Right, it makes perfect sense, I just overlooked it, I'm going to take it into account and modify the proposal.

PS: this seems harder than I thought though, the latex syntax is great for humans but way harder to "evaluate" automatically. I'll look into what can be done in this regard.

ag-eitilt commented 5 years ago

This is dipping into the tooling side, but the "any haskell expression returning an Int" needs a way of referring to other complexity annotations, for versioning: if one of your dependencies changes its backend so that some complexity goes from O(n) to O(log n), say, it's a lot better to be able to simply say "my complexity is O(m^2) no matter what version of m is being used". That's going to be especially important with class parameters -- or Backpack -- meaning that your complexity might differ within the same program just because of the type of an argument. How that's actually going to be displayed is another question, but especially for Haddock I'd say just go with printing the straight list of definition equations, linked; other consumers can deal with version ranges and cross-references if they want to.

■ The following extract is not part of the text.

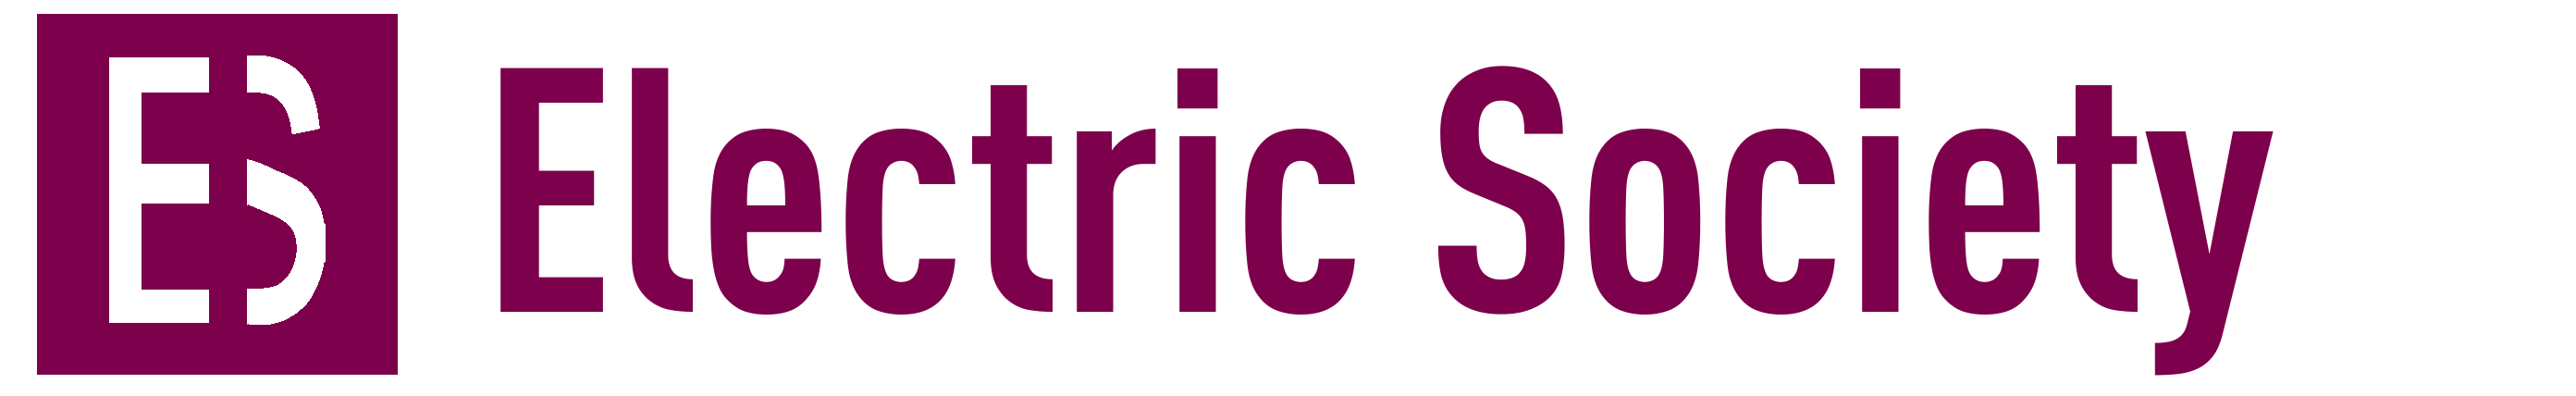 Electric_society_logo

The other thing I'd recommend, when you're writing the @-markup version of the proposal, would be separating what is being analyzed from which case is indicated. Namely, rather than four different keywords, I'd only reserve @time and @space (or even @complexity time or similar to allow non-standard measurements) and have min/max (average being default) written separately just before the O(...): @time O(n), max O(n^2). It might be nice to incorporate that into the annotation itself (e.g. max O(n^2) -> o(n^2)), but that runs into issues of writing theta and omega in an ASCII-compatible manner.

Finally, with this being Haskell, it might be better to go with a different separator between the complexity annotation(s) and the variable definition(s) rather than reusing the same list separator for different types. @time (n = size arg0, m = O(lookup arg1)) => O(nm), min O(n) maybe?

theobat commented 5 years ago

hey @ag-eitilt thanks for the feedback ! You have very good points. This proposal is really wishful thinking at this point though, using the mathtex language as a mean to convey information between functions is way harder than I thought (especially the "simplification process", it boils down to somehting like Mapple/Matlab), besides there is some philosophical level blur in this proposal, as you said, "This is dipping into the tooling side" and I'm not sure this is haddock's reponsibility anymore... I mean there could be/should be a cross language syntax for this, maybe in the Language server protocol ?